И в самом деле, несколько ночей Изолейн, жалобно скуля, бродил вокруг лесничества, горестно поглядывая на освещенные окна. Однажды ночью он даже решился наведаться во двор, в надежде найти в своей миске хоть остатки пищи. Но на его мест? сидела на цепи черная лохматая собака; при виде лиса она в ярости выскочила из будки и так страшно залаяла, что Изолейн поспешил укрыться в лесу.

Напрасно рыскал неопытный лисенок по громадному Меховскому лесу, нигде не находил он ни пристанища, ни корма, ни помощи. Он наведывался и в Брюзенвальдский лес, и в Томсдорфский бор, и на Безымянную пустошь, и в лесные округа под странными названиями «Садок для угрей» и «Чистилище». И всюду одно и то же — Изолейн никому не был нужен, нигде не было норы, куда бы он мог забиться.

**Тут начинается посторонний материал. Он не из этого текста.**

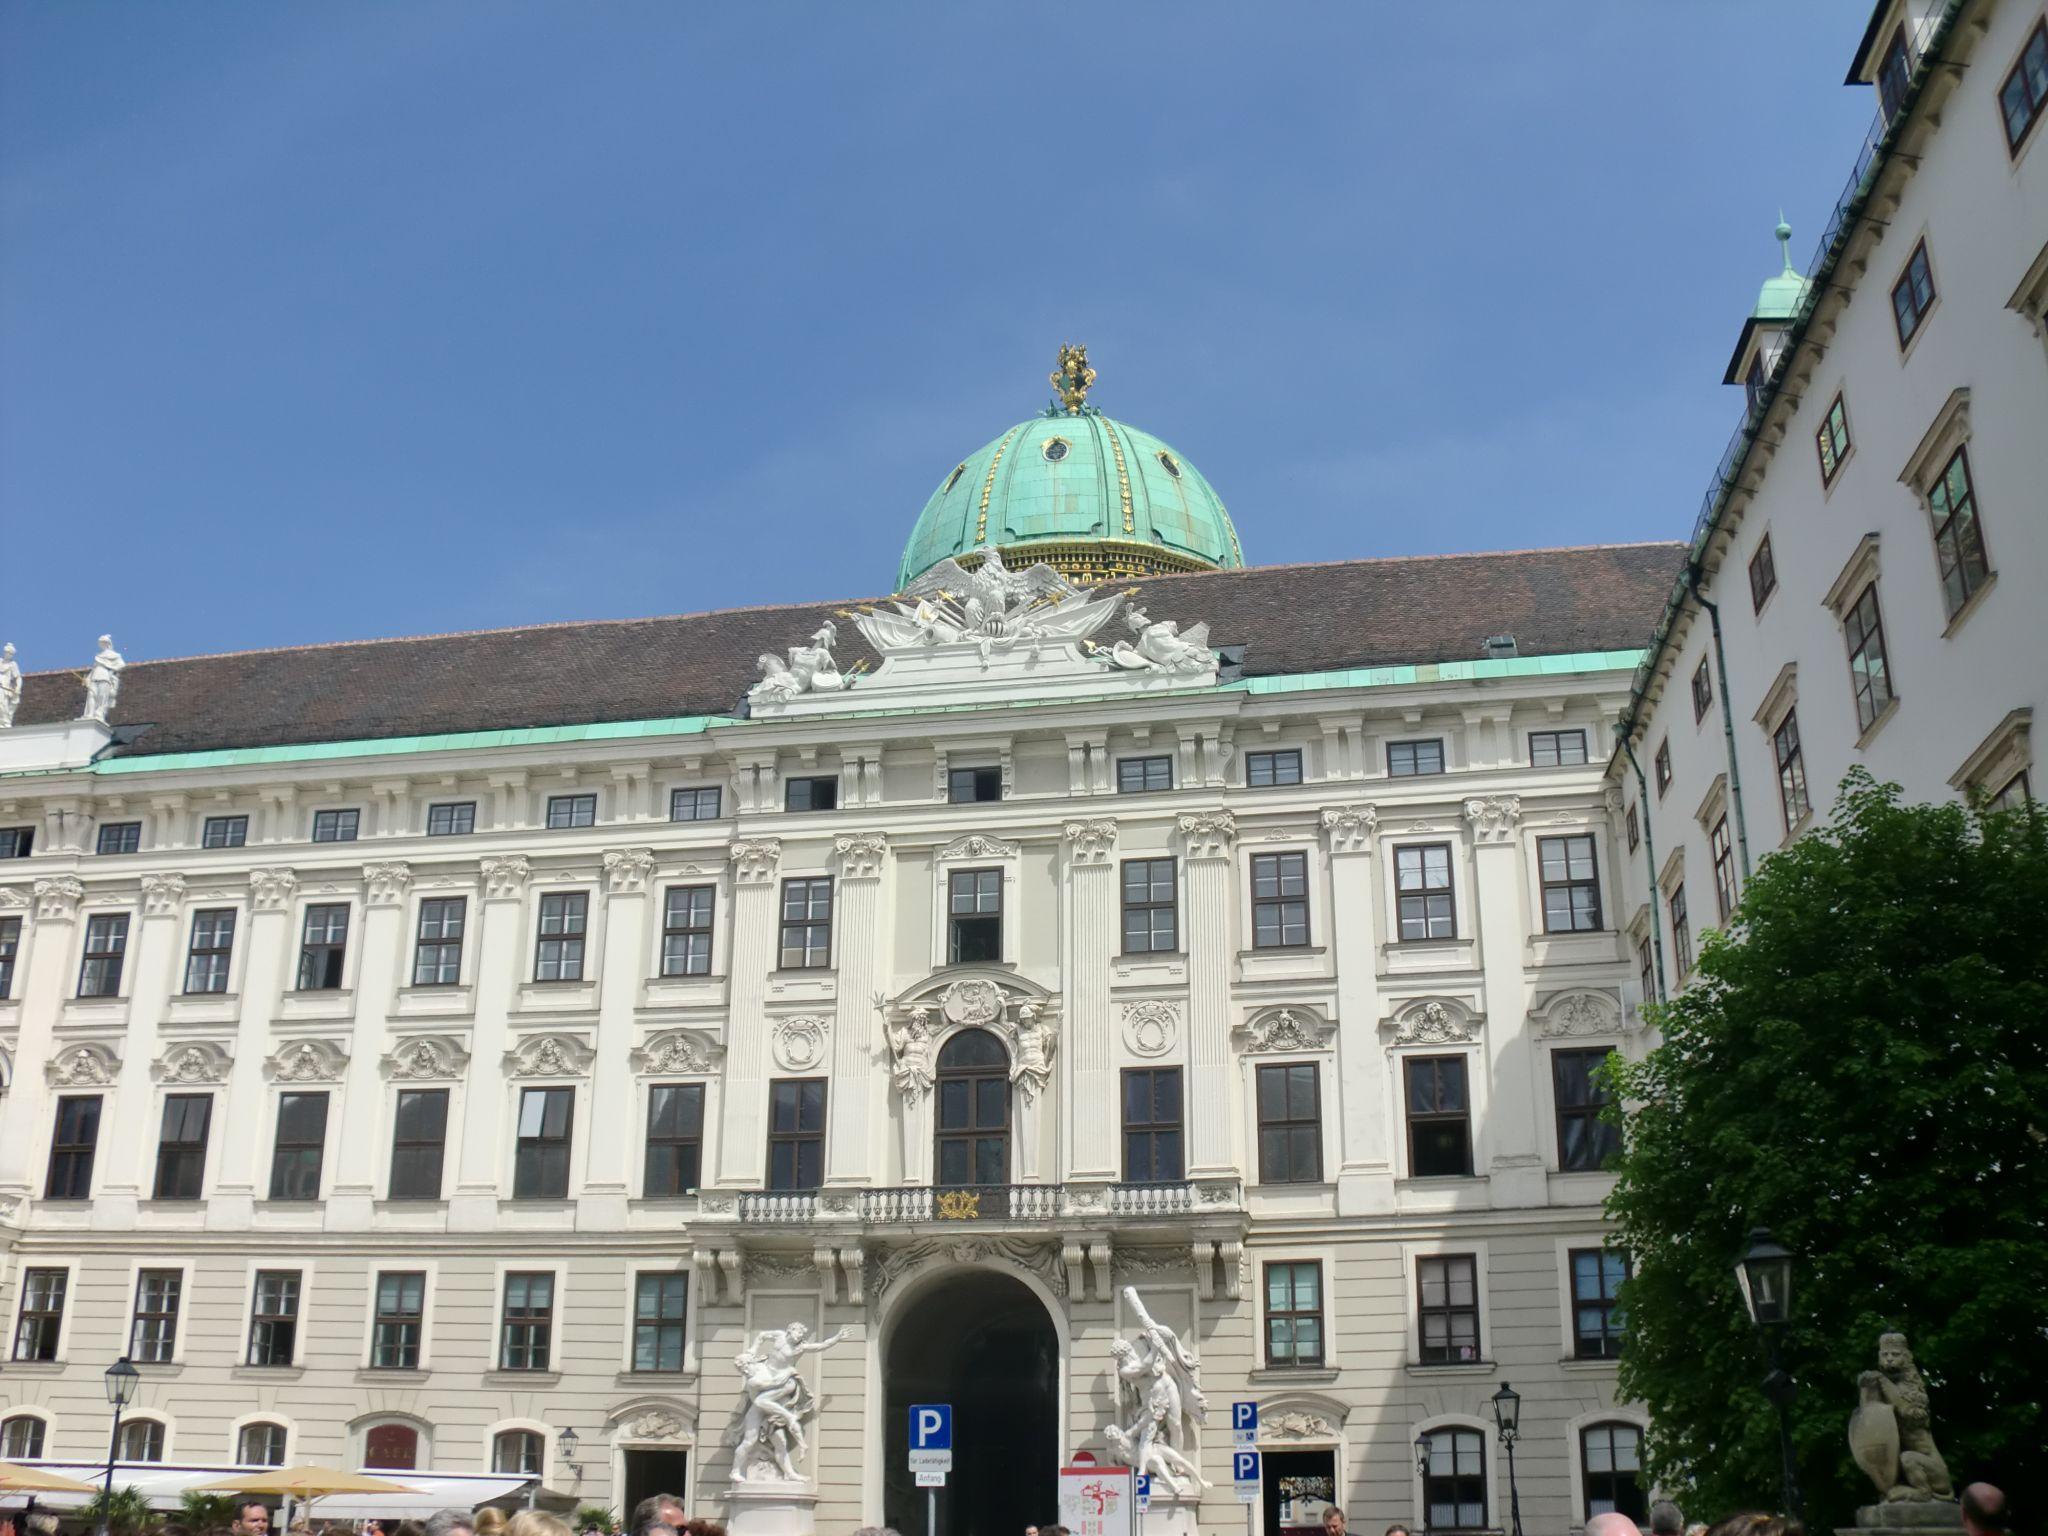 Vienna Hofburg 28 1440x1080 - Vienna: elegant beauty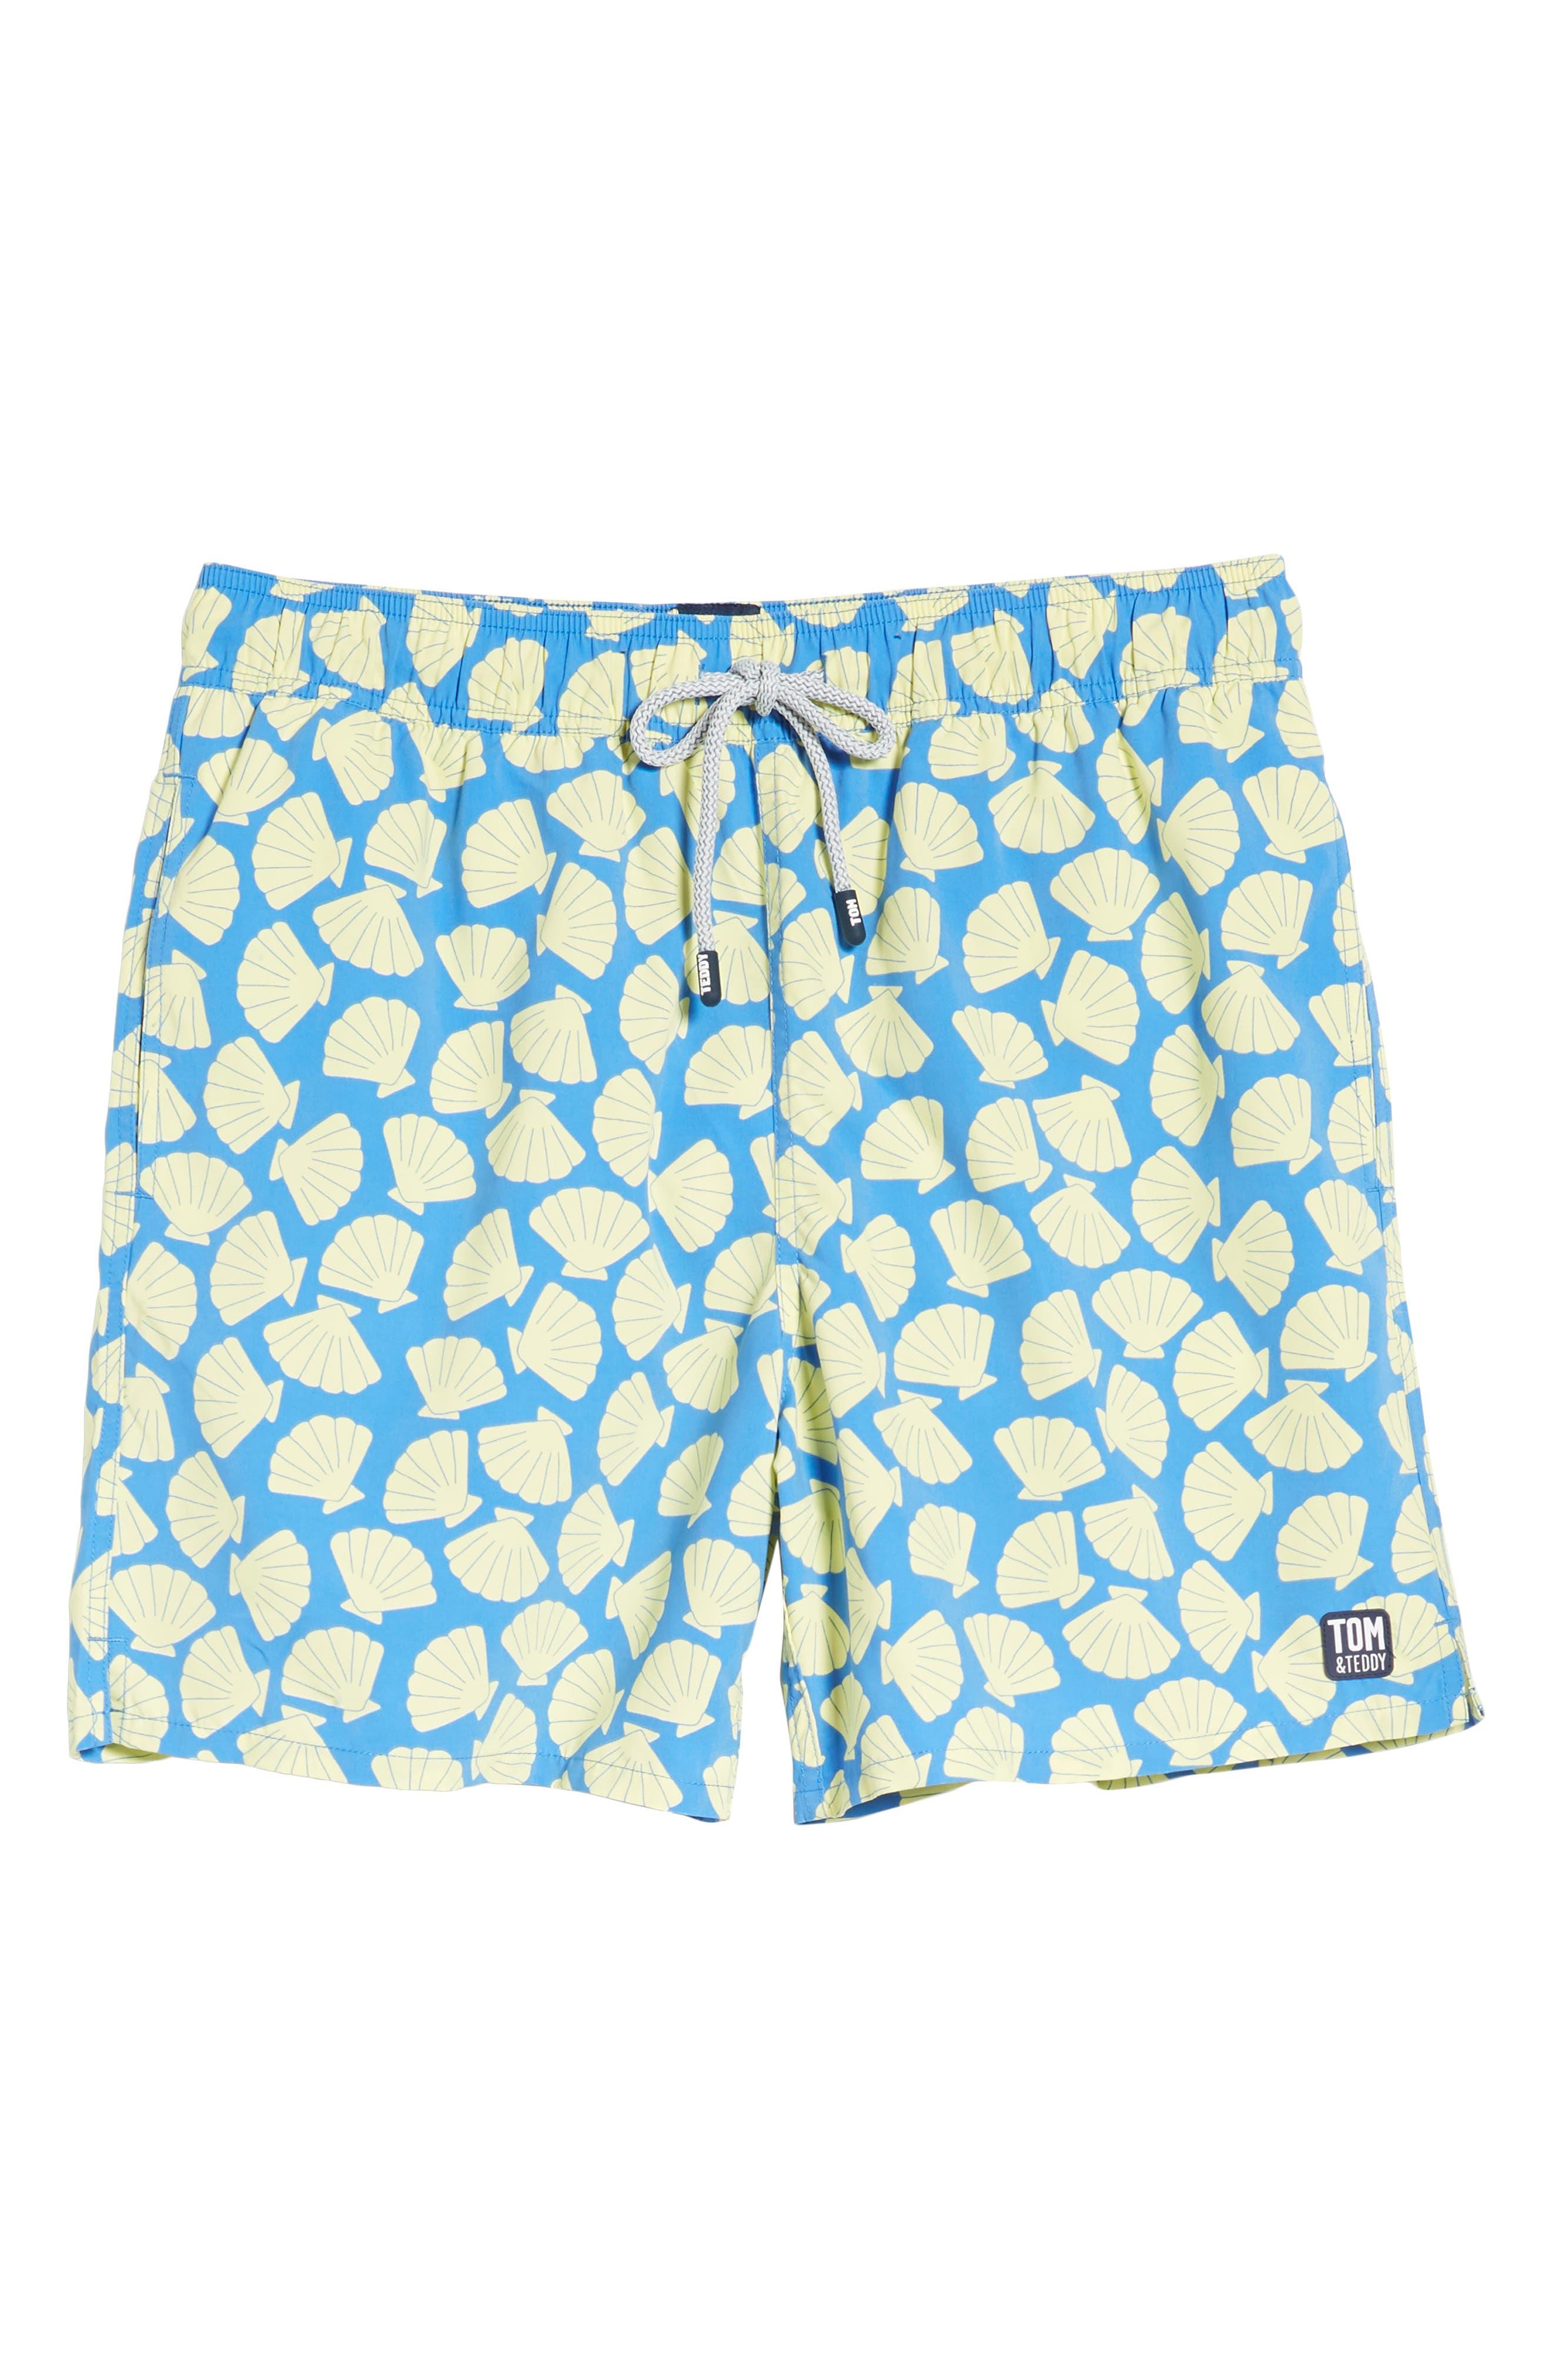 Shell Print Swim Trunks,                             Alternate thumbnail 6, color,                             Yellow

Поэтому он всякий раз возвращался назад, в родной Меховский лес, как будто там он мог найти свое счастье. Но там, как-то ночью, на его след напали две браконьерствующие деревенские дворняги, они гнали его из букового леса в сосняк, из сосняка через решетчатое заграждение в поле, и дальше, по хлебным и картофельным полям, все дальше и дальше…

Изолейн мчался, спасая свою жизнь, совсем близко были кровожадные псы; точно длинная стрела, несся Изолейн по земле сквозь серую ночь, и с громким лаем, брызгая слюной, мчались по его следу собаки. И конечно, в поле они в конце концов поймали бы его, эти кровавые убийцы, но тут перед ними неожиданно возникла деревня. Не раздумывая, Изолейн понесся по деревенской улице, а дворняги, как раз бывшие родом из этой деревни — именно отсюда они и удирали тайком на запрещенную ночную охоту, — дворняги вдруг смолкли. Они испугались побоев, сбились со следа, и каждая забилась в свою конуру с нечистой совестью и поджатым хвостом.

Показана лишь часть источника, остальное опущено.